Changes

gillesc92 · 47118e2d
--- a/2.-Statistics/F-value.md
+++ b/2.-Statistics/F-value.md
+## F-value: Definition, Calculation, and Use in Models
+
+### What is the F-value?
+
+The **F-value** is a test statistic used in ANOVA and regression models to assess whether the model is statistically significant. It compares the variance explained by the model (signal) to the unexplained variance (noise). A high F-value indicates that the model explains a significant amount of the variance, while a low F-value suggests that the model doesn't improve much over using the mean of the outcome.
+
+The F-value is calculated as:
+
+$F = \frac{\text{MSB}}{\text{MSW}}$
+
+Where:
+- **MSB (Mean Square Between)**: The variance explained by the model.

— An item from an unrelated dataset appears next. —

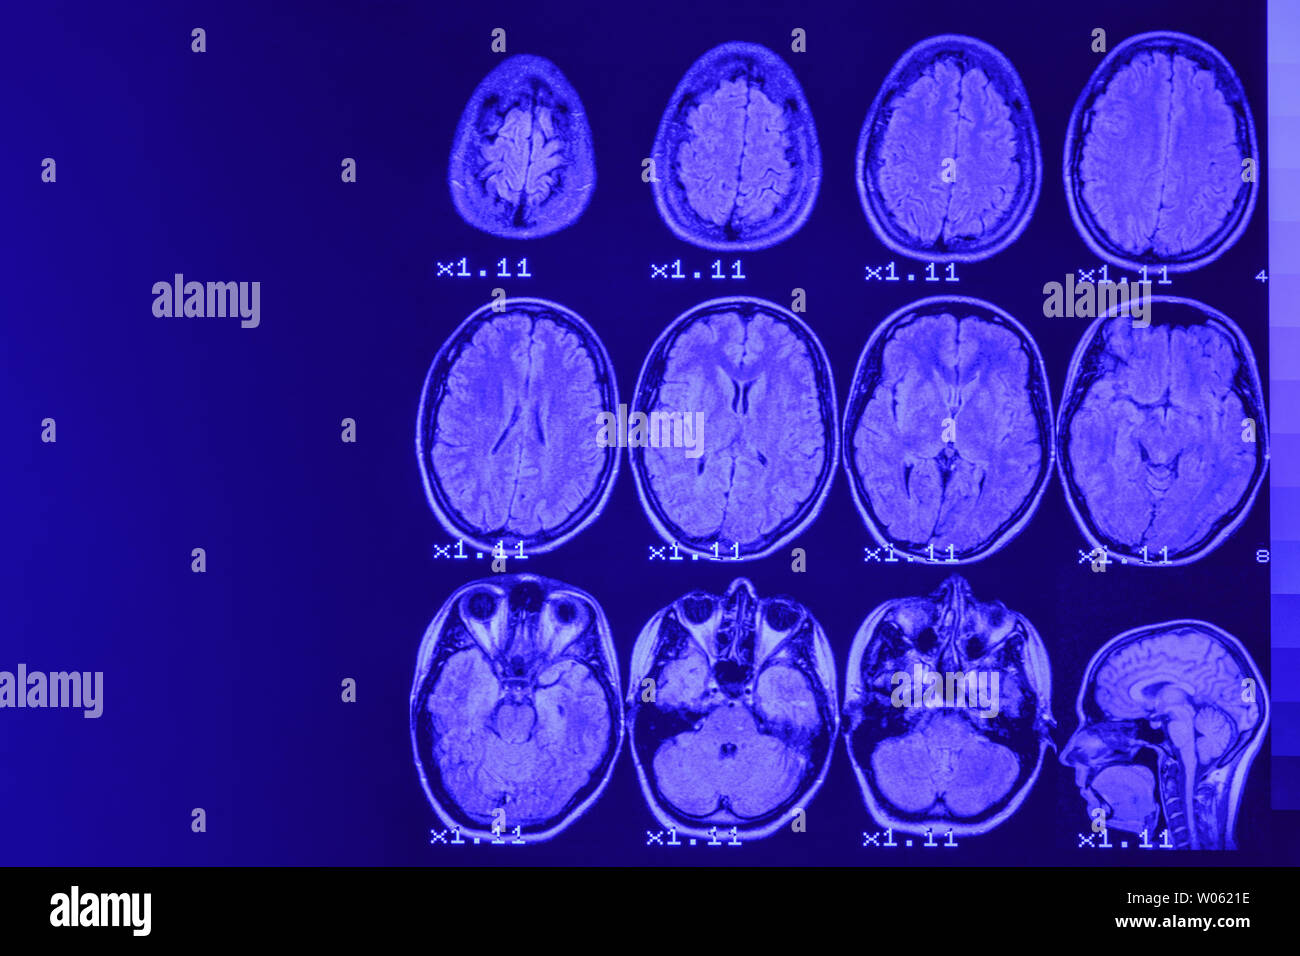 Mrt des Gehirns auf einem schwarzen Hintergrund mit blauer Hintergrundbeleuchtung. Links Platz für Werbung Beschriftung Stockfoto

+- **MSW (Mean Square Within)**: The residual variance, or the variance that remains unexplained.
+
+### Interpretation
+
+The F-value tests whether the model provides a better fit than using just the mean. Visually, a high F-value indicates that the data points are close to the regression line, showing that the model fits well. A low F-value suggests that the data points are scattered, indicating a poor fit.
+
+In **simple regression** (one predictor), the F-value is related to the t-test, with the F-value being the square of the t-value ($F = t^2$). In this case, both tests give the same information about model significance. In **multiple regression**, the F-value tests the overall model significance, while t-tests assess the individual predictors.
+
+### When to Use the F-value
+
+- **Multiple Regression**: When testing whether the predictors, as a group, significantly explain the variance in the outcome.
+- **ANOVA**: When comparing group means to check for statistically significant differences.
+
+### Example (Good Practice)
+
+Suppose you are modeling plant growth based on factors like sunlight, water, and fertilizer. The F-value tests whether these predictors, collectively, explain the variation in plant growth. A large F-value indicates that the model is a good fit.
+
+### Example (Bad Practice)
+
+- **Texas Sharpshooter Fallacy**: Occurs when a researcher looks for patterns after data collection, then reports only significant F-values by chance. This can lead to **p-hacking**, where multiple tests are conducted, but only the significant results are presented.
+  
+- **Incorrect Use of ANOVA**: Applying ANOVA to non-normal data or data with unequal group variances can lead to misleading results. For example, using ANOVA without checking assumptions like homogeneity of variance may produce a biased F-value.
+
+### Common Pitfalls
+
+- **Overfitting**: Including too many predictors can inflate the F-value, making the model appear more significant than it really is, leading to poor generalization.
+- **Assumption Violations**: The F-test assumes that:
+  - **Residuals are normally distributed**
+  - **Homogeneity of variance** (equal variances across groups)
+
+  Violating these assumptions doesn't always invalidate your results, but it can affect the accuracy of the F-test. For example:
+  - **Mild violations of normality**: The F-test can be robust to slight deviations from normality, especially in large sample sizes.
+  - **Homogeneity of variance**: Unequal variances between groups (heteroscedasticity) can lead to an inflated F-value, increasing the chance of a Type I error (false positive). In such cases, transformations of the data or alternative tests like Welch's ANOVA can be applied.
+
+### Interpreting the F-value
+
+- **High F-value**: Indicates that the model explains a significant amount of variance.
+- **Low F-value**: Suggests that the model doesn't explain much variance.
+
+The F-value is compared to a critical value from an F-distribution table. If the F-value is greater than the critical value, the model is considered statistically significant.
+
+### Related Measures
+
+- **p-value**: The p-value indicates whether the F-value is statistically significant. A small p-value (typically < 0.05) suggests that the F-value is significant.
\ No newline at end of file